From education to employment

Michelle develops a successful career after escaping domestic abuse

Michelle Dolan has built a new life for herself and her sons.

A domestic abuse victim who has developed a successful career and brought up four sons on her own is hoping that her story will inspire other women to believe in themselves.

Michelle Dolan, 46, was at rock bottom when she fled with her sons from their home, but now 17 years later, she is enjoying life as the deputy manager of a residential home for adults with mental health and learning disabilities at Clydach, near Swansea.

Having worked part-time whilst bringing up sons, now aged from 18 to 23, Michelle decided to take the bull by the horns five years ago when she knocked on the door at the Awelon Healthcare home in Clydach and asked for a job.

Staff gave her an application form, invited her for an interview and she secured a job as a support worker. The rest, as they say, is history, as Michelle has climbed the promotion ladder to become deputy manager, leading a team of 17 staff.

Her passion for her job, the home, staff colleagues and the people she cares for has encouraged Michelle to improve her skills and knowledge through the Welsh Government’s Apprenticeship Programme.

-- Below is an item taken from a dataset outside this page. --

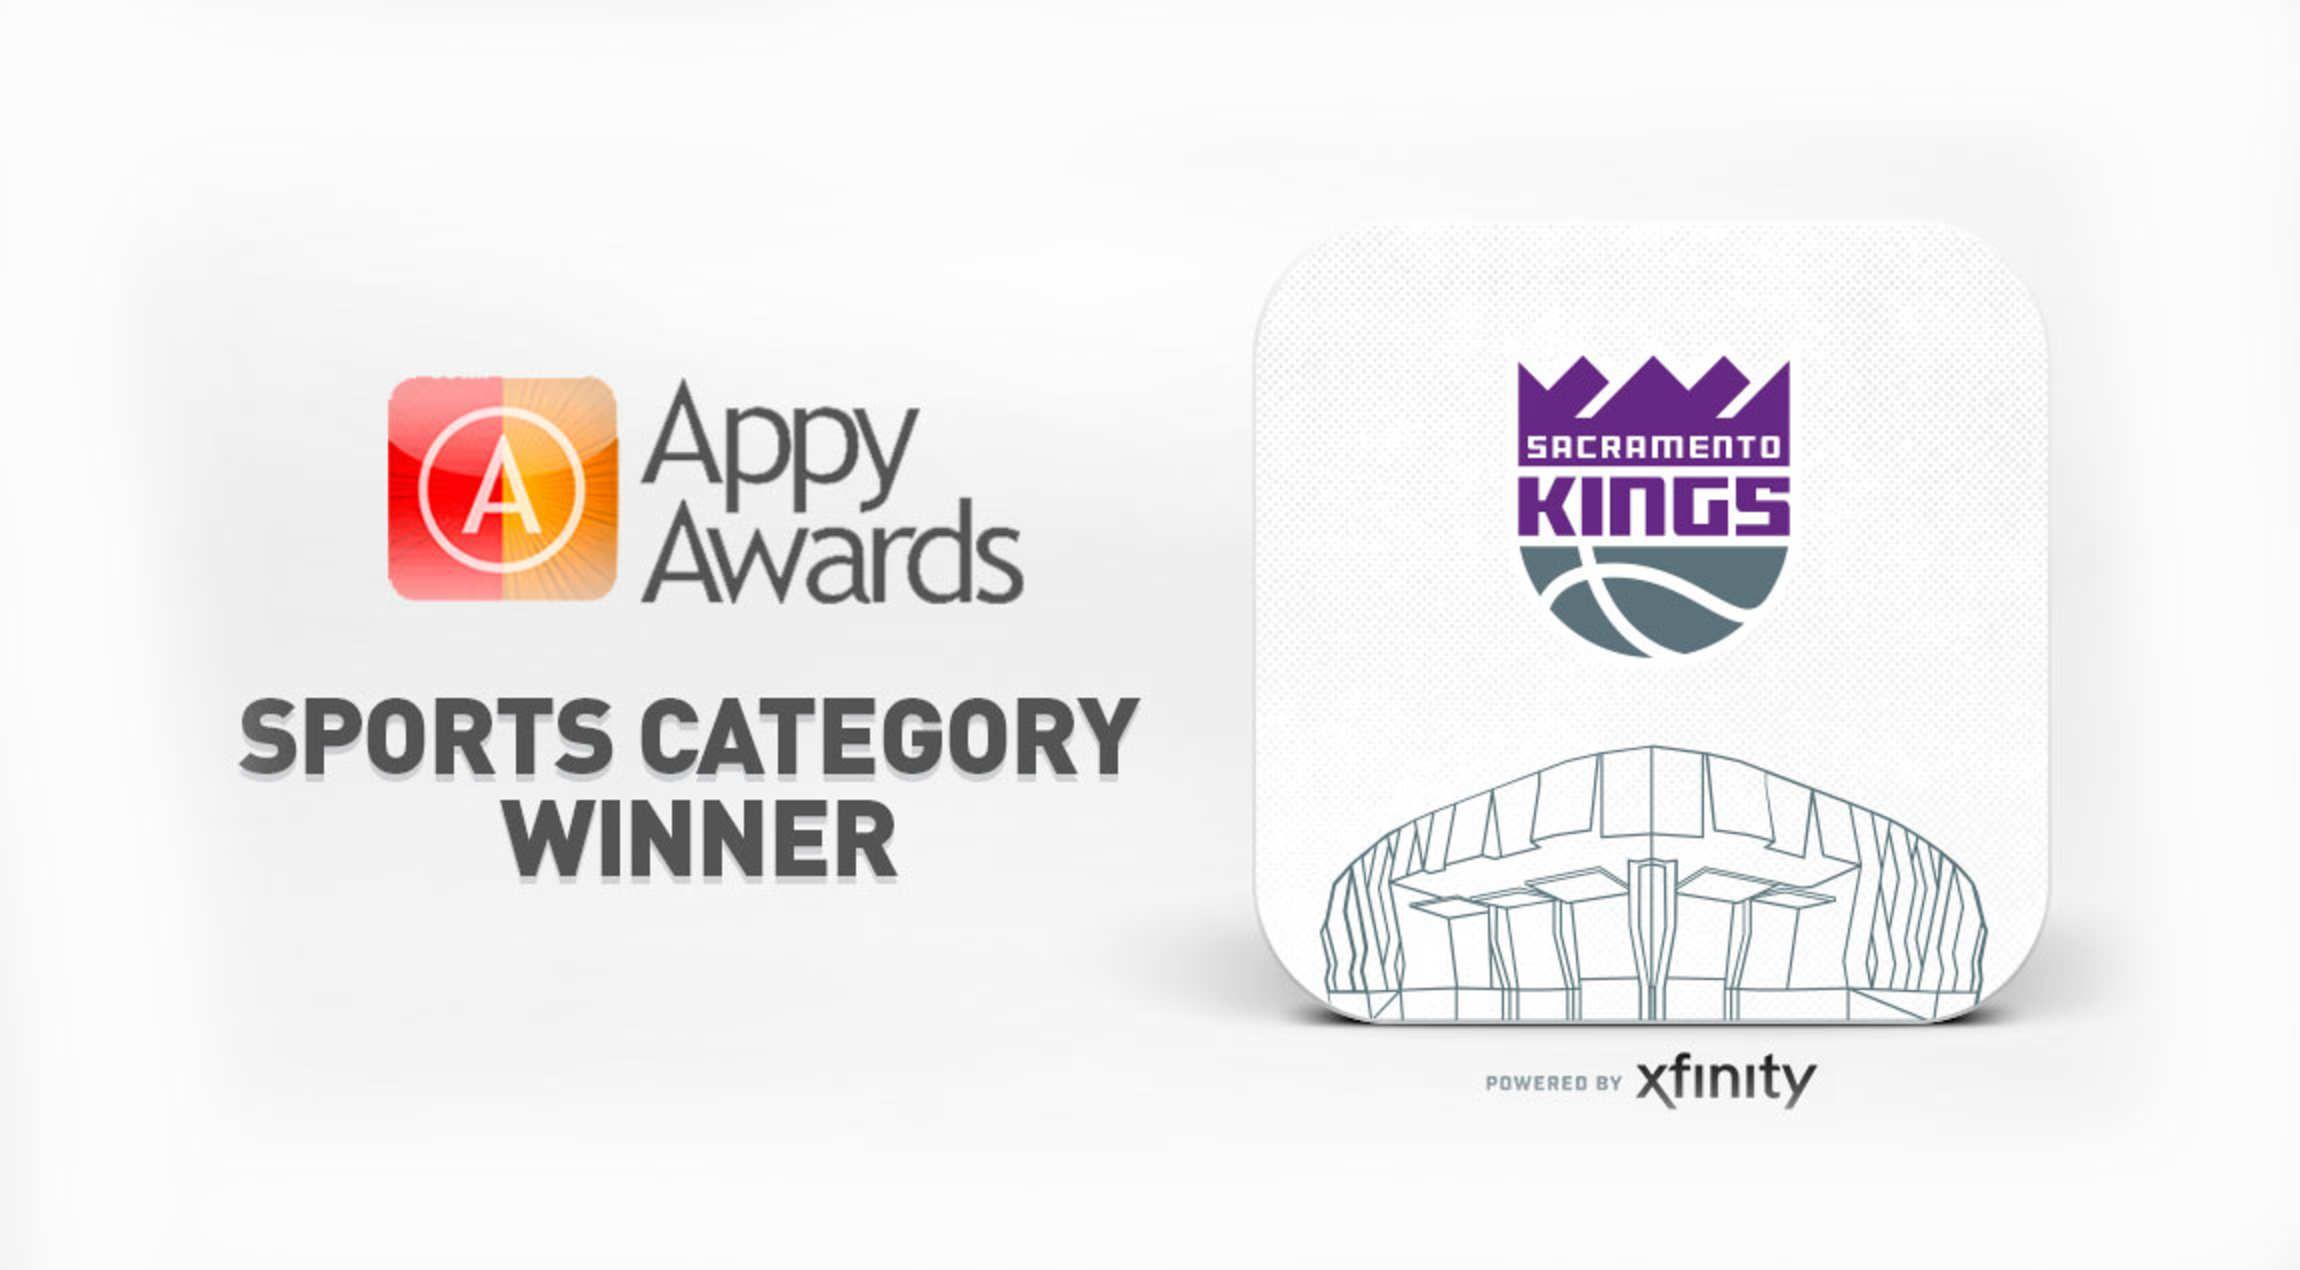 Golden 1 Logo - Sacramento Kings + Golden 1 Center App Wins Industry-Leading Award ...

Despite being out of education for 20 years, Michelle achieved an Apprenticeship (Quality Credit Framework Level 3) in Health and Social Care. She was then encouraged by PeoplePlus assessor Yvonne Hammond to progress to a Higher Apprenticeship QCF Level 5 Advanced, continuing with support to complete her QCF Level 5 Registered Managers Award.

To be able to complete her framework, Michelle upskilled her English and Maths to ensure that she had all the skills she needed to progress. She has now become a Registered Care Manager and hopes to continue her learning journey with an Institute of Management Higher Apprenticeship.

“Soon after starting with Awelon Healthcare I knew I had found my niche and passion,” said Michelle. “It can be very challenging work at times but also very rewarding.

“It doesn’t seem like work to me because I enjoy my job so much. I love the interaction with the service users and watching how they progress with us.

“It was Yvonne’s enthusiasm and support that spurred me to do my Higher Apprenticeship and I am very proud of what I have achieved. Completing the qualifications has changed my life in so many ways.”

Michelle hopes her story will inspire other women who have escaped abusive relationships and has this advice for them: “Take each day as it comes, set yourself small goals and believe in yourself.

“When I left my ex-husband, I had lost all my confidence and self-esteem, which made me feel a useless person and mother. Now I am proud to have a job that I love, I have achieved qualifications and I am a role model to my sons who are all doing well.

“It feels like my old life was a dream because of how far I have come. I have shown that anything is possible if you believe in yourself.”

Yvonne praised Michelle’s commitment to continuous learning, her leadership skills and her dedication. “She is committed not only to her qualifications and personal development, but also to the organisation she works for, her colleagues and the people she supports.

“The wellbeing and quality of life of the people she supports are at the forefront of everything she does.”

Humie Webbe, Apprenticeships Strategic Equality and Diversity Lead at the National Training Federation for Wales (NTfW), congratulated Michelle on her inspirational learning journey.

“Michelle’s story shows what can be achieved through determination and appropriate support,” said Humie. “Our vision is to create a learning environment where everyone has the chance to go as far as their talent and hard work will allow, regardless of background.

“We want to ensure that apprenticeships are perceived to be for all and that barriers to participation are removed.”